- _INFORMATION SUPPLIED_
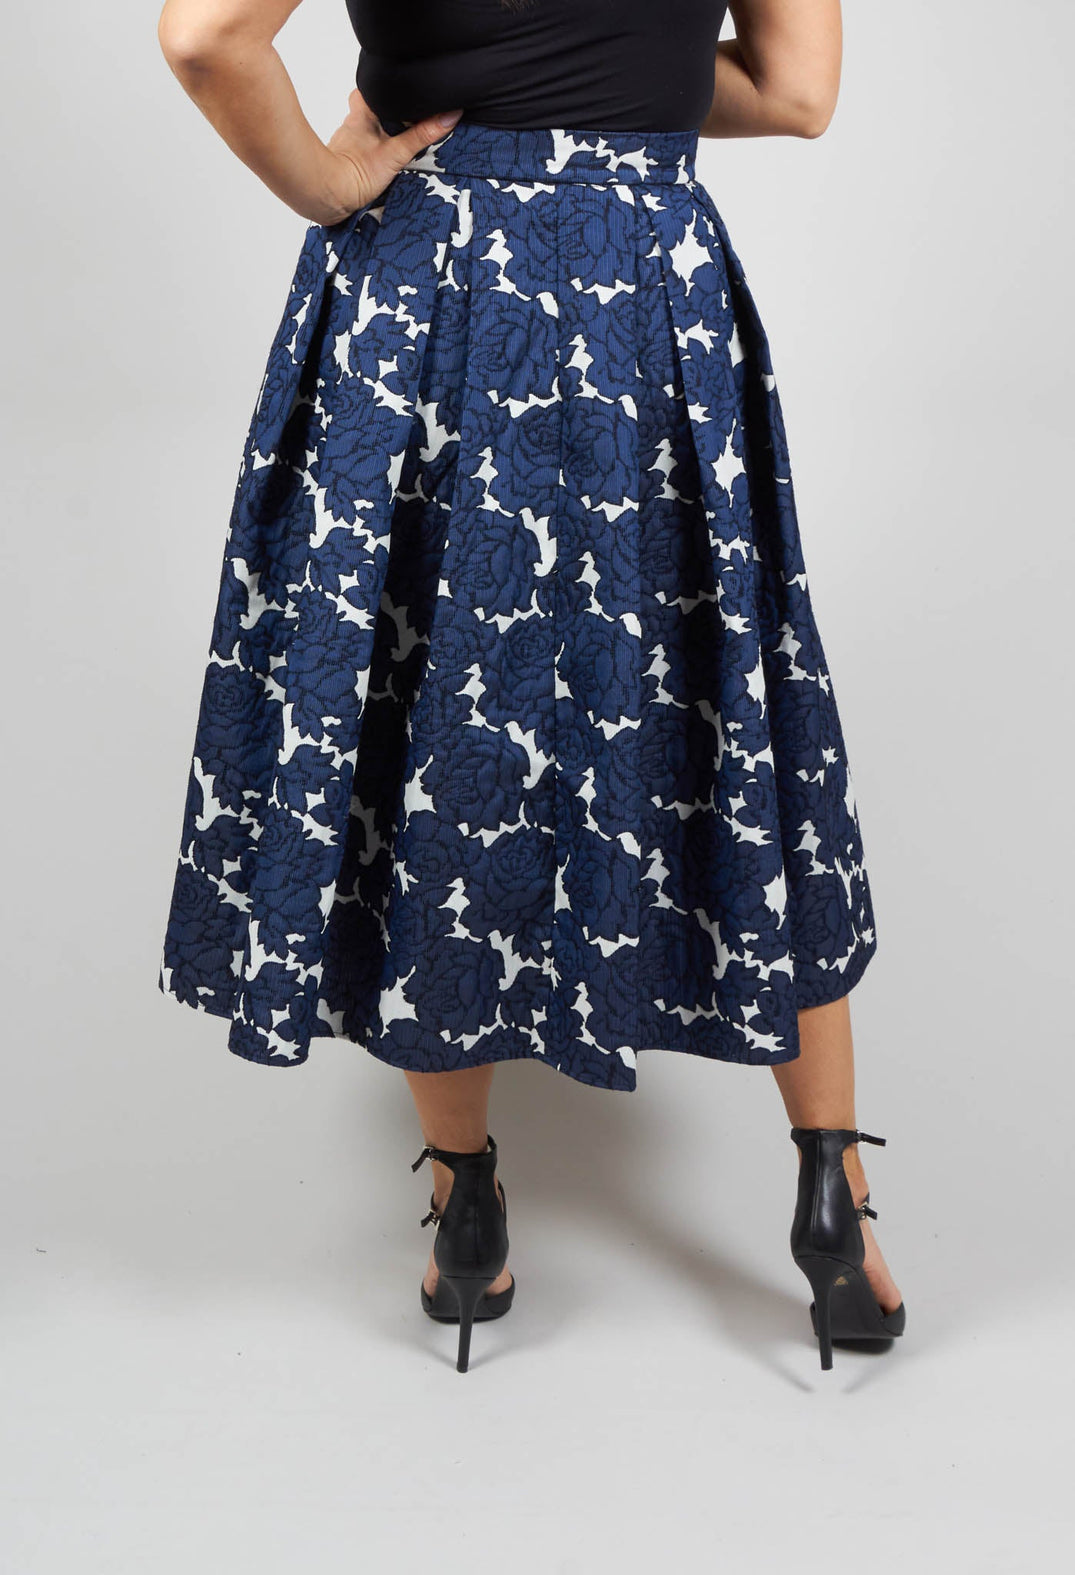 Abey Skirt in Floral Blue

* * *

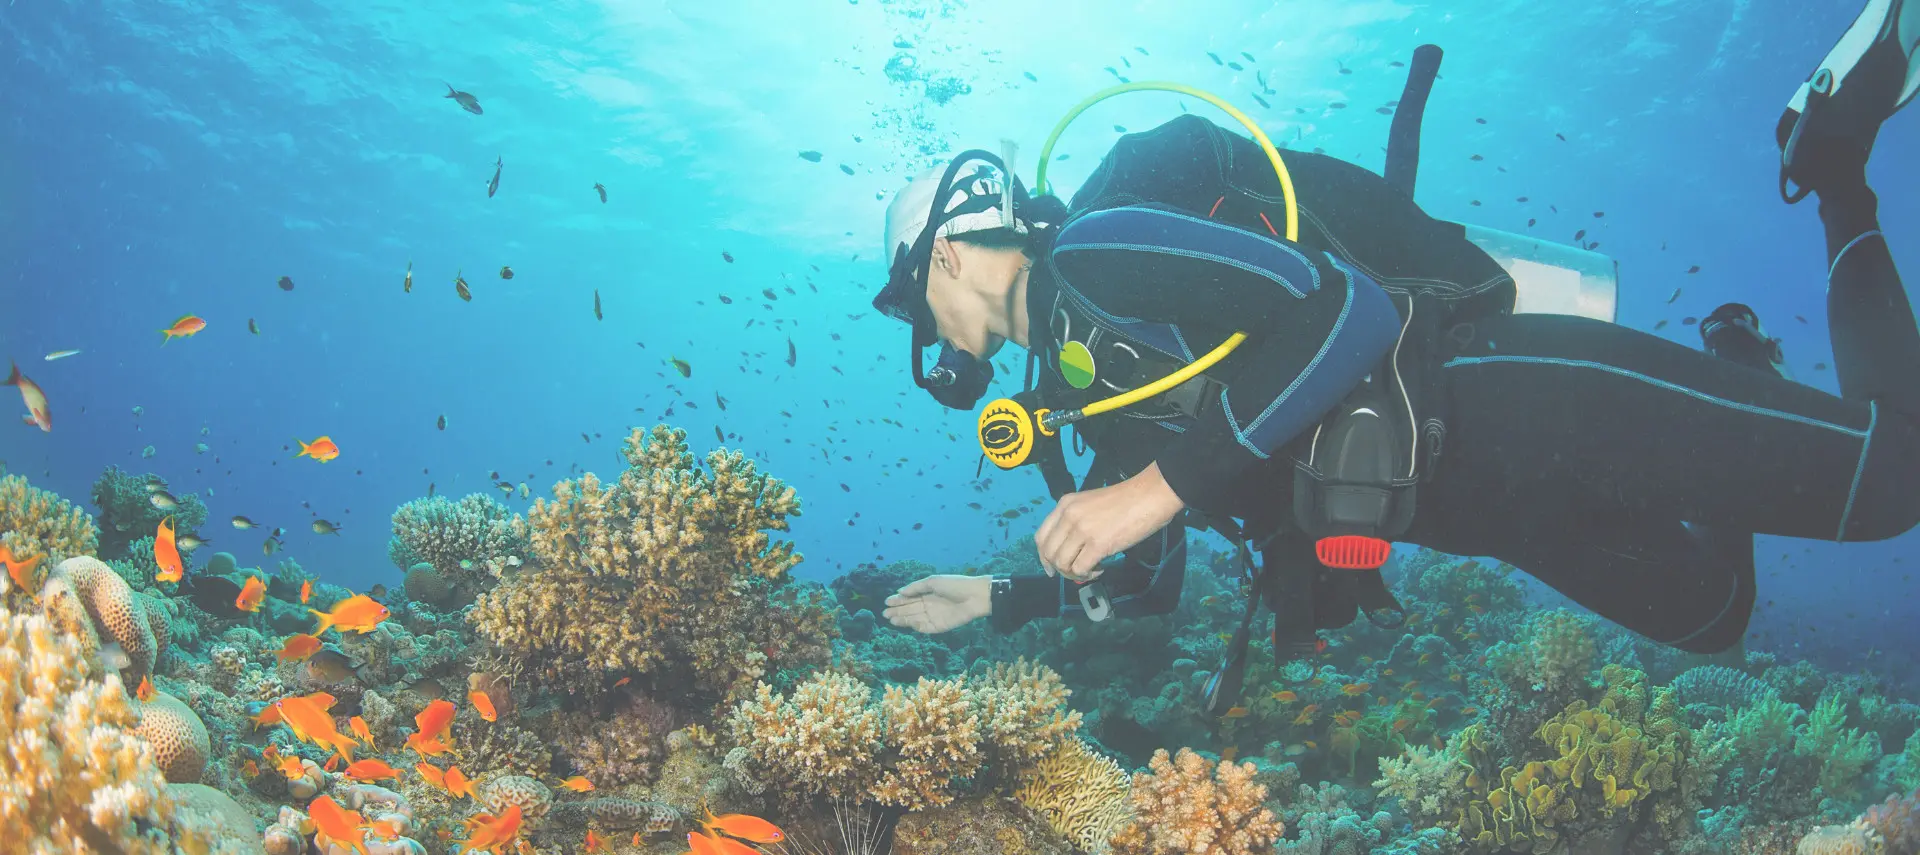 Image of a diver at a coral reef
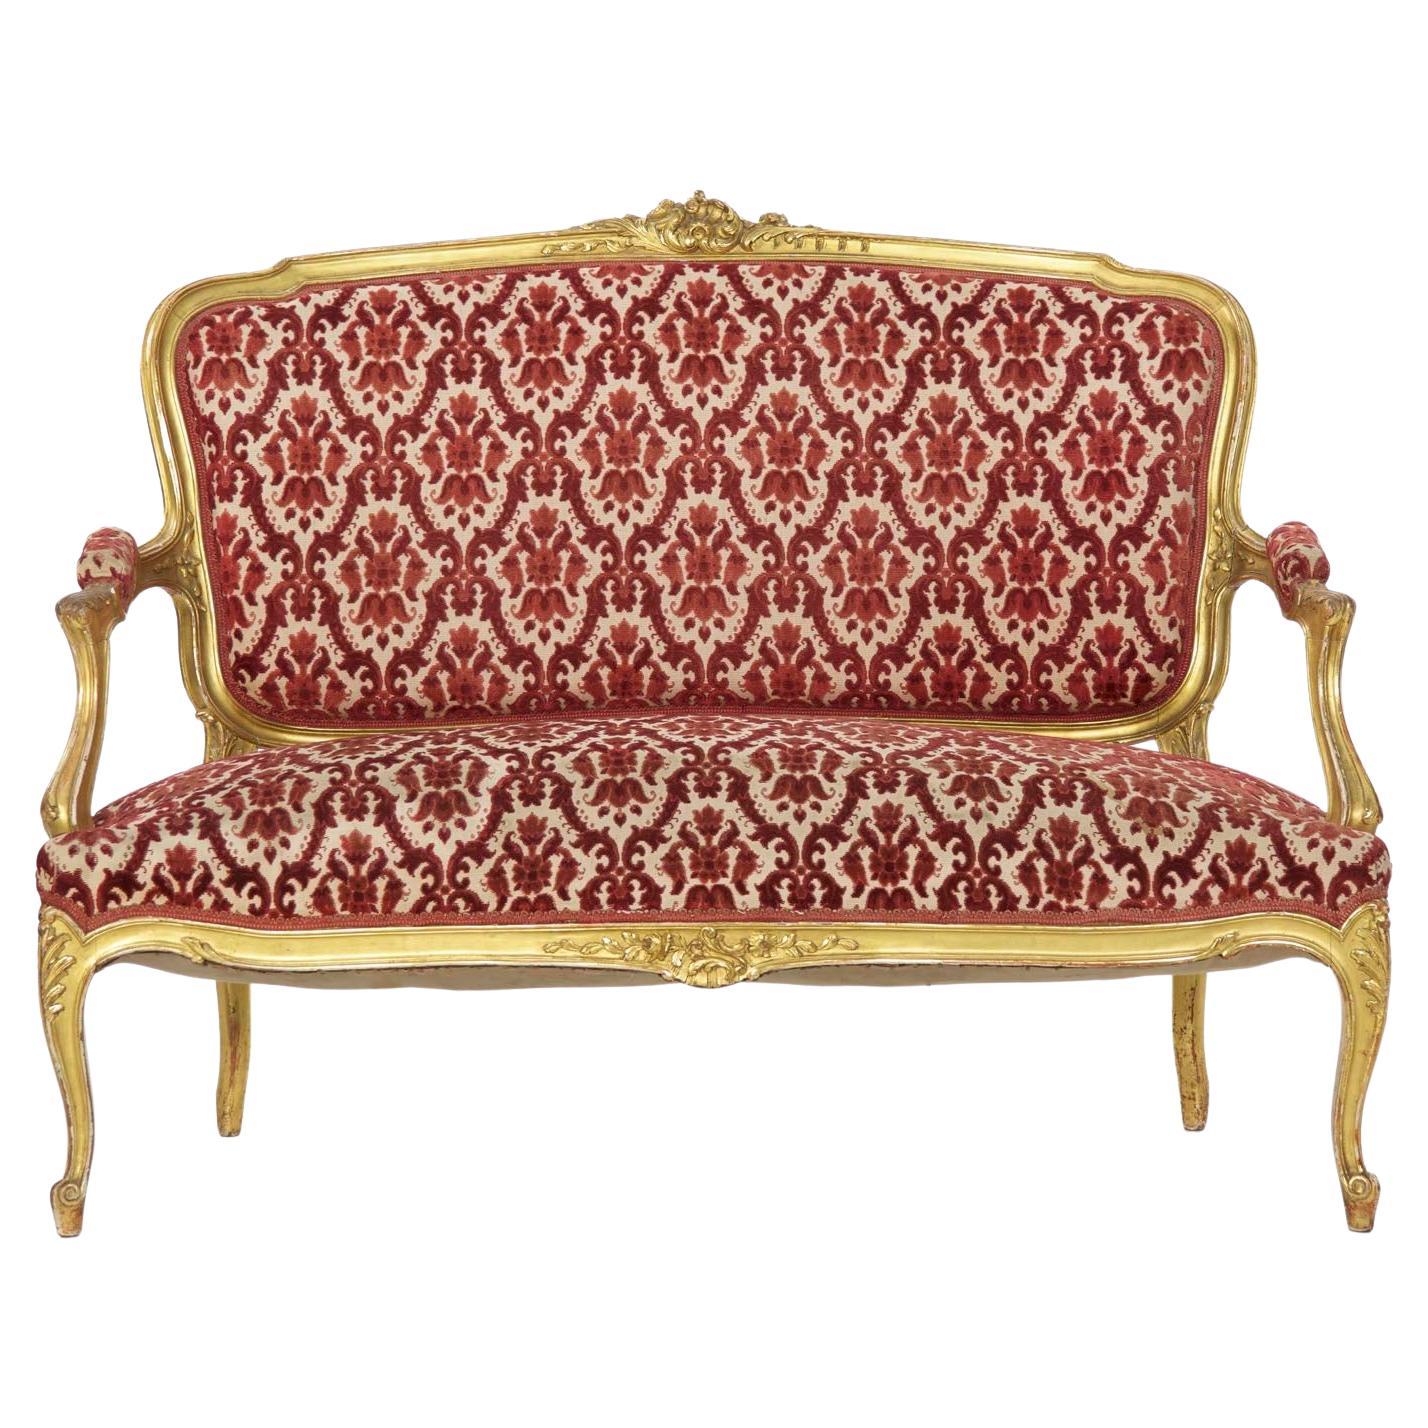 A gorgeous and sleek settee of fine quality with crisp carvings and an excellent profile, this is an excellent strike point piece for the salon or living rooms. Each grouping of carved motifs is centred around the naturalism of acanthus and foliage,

...

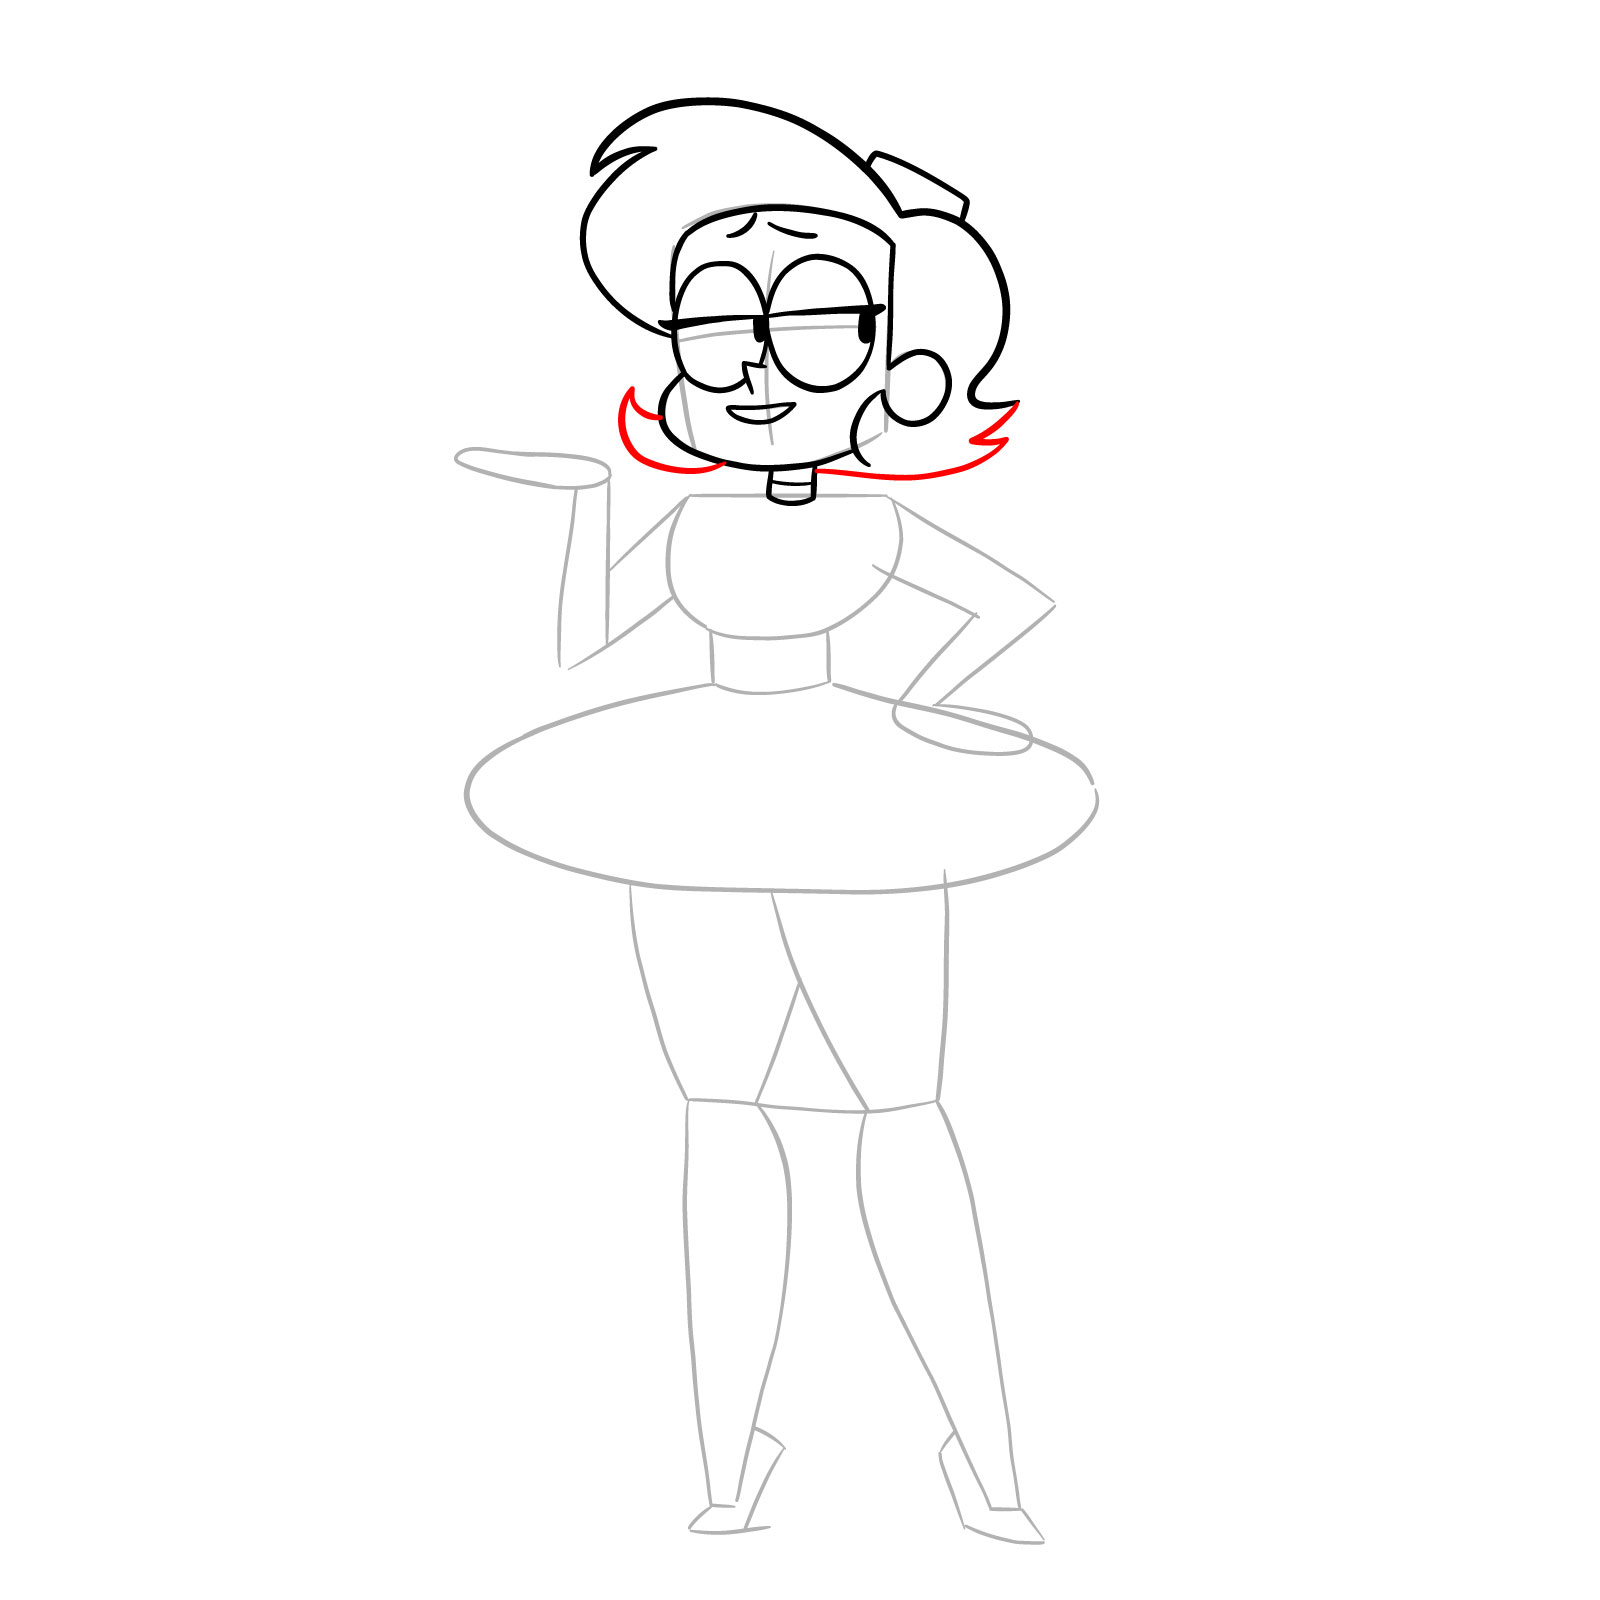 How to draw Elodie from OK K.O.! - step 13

- _TASK BRIEF_
Between and including the line with "Image of a diver at a coral reef" and the line with "A gorgeous and", repeat every line exactly as it appears above, with pictures left out.

- _EXERCISE ANSWER_
 Image of a diver at a coral reef
 A gorgeous and sleek settee of fine quality with crisp carvings and an excellent profile, this is an excellent strike point piece for the salon or living rooms. Each grouping of carved motifs is centred around the naturalism of acanthus and foliage,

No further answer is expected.